• Task directions
Write out each line below precisely, passing over the pictures.

--- Stored data Enclosed Below ---

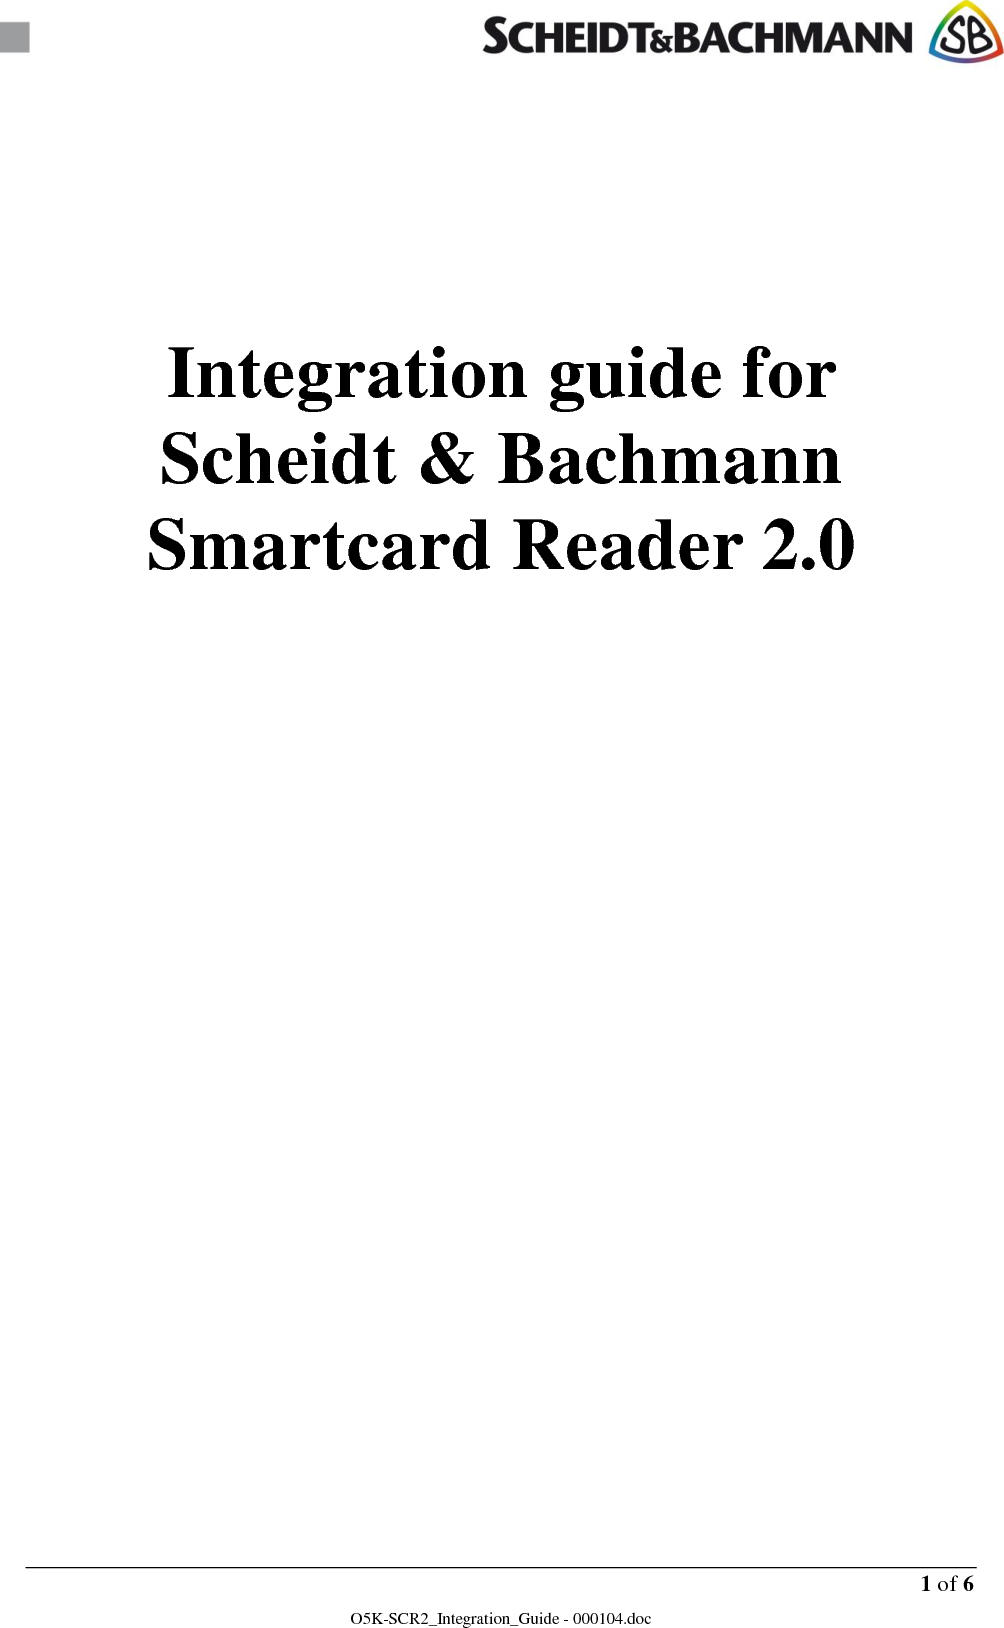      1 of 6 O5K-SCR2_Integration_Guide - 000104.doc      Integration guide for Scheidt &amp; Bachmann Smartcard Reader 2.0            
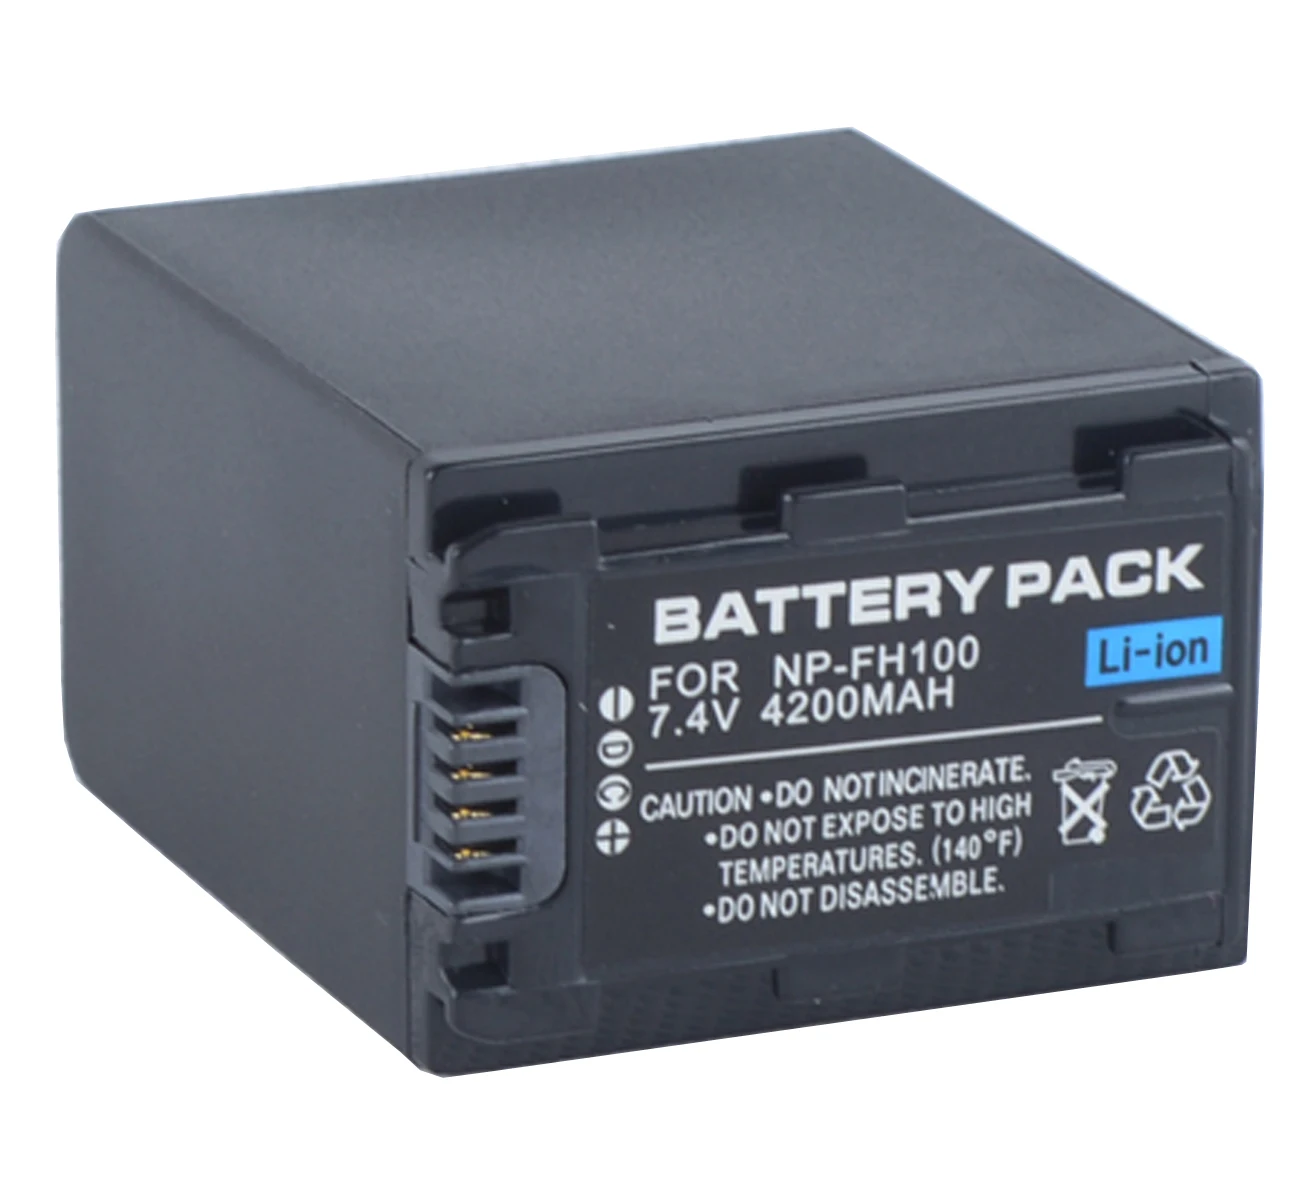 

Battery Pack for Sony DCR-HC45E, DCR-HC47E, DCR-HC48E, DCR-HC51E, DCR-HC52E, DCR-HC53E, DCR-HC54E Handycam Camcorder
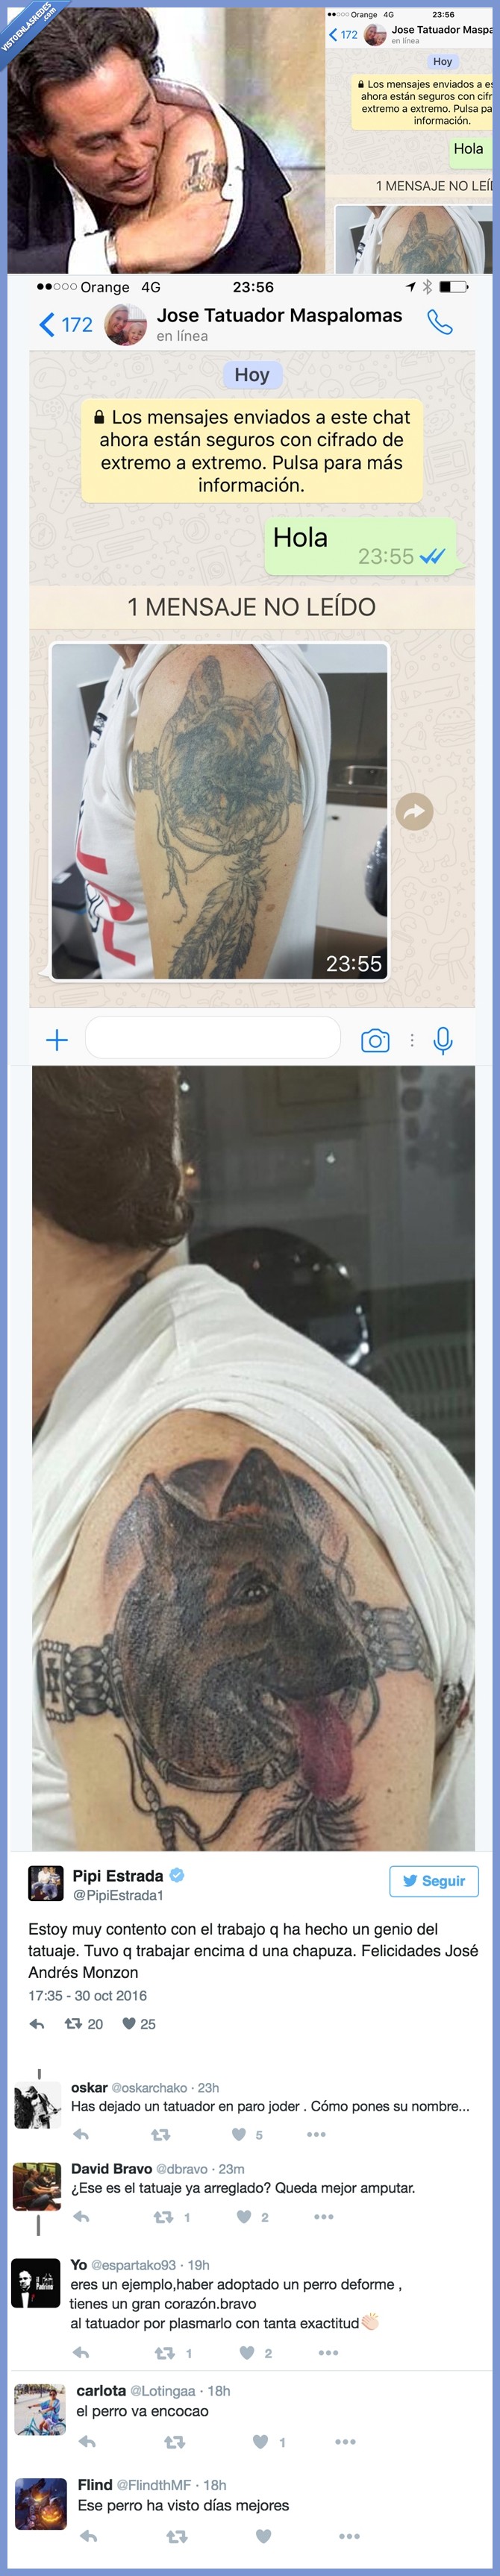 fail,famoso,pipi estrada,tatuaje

--- End of Enclosed Stored data ---

• Result below
      1 of 6 O5K-SCR2_Integration_Guide - 000104.doc      Integration guide for Scheidt &amp; Bachmann Smartcard Reader 2.0            

Battery Pack for Sony DCR-HC45E, DCR-HC47E, DCR-HC48E, DCR-HC51E, DCR-HC52E, DCR-HC53E, DCR-HC54E Handycam Camcorder
 fail,famoso,pipi estrada,tatuaje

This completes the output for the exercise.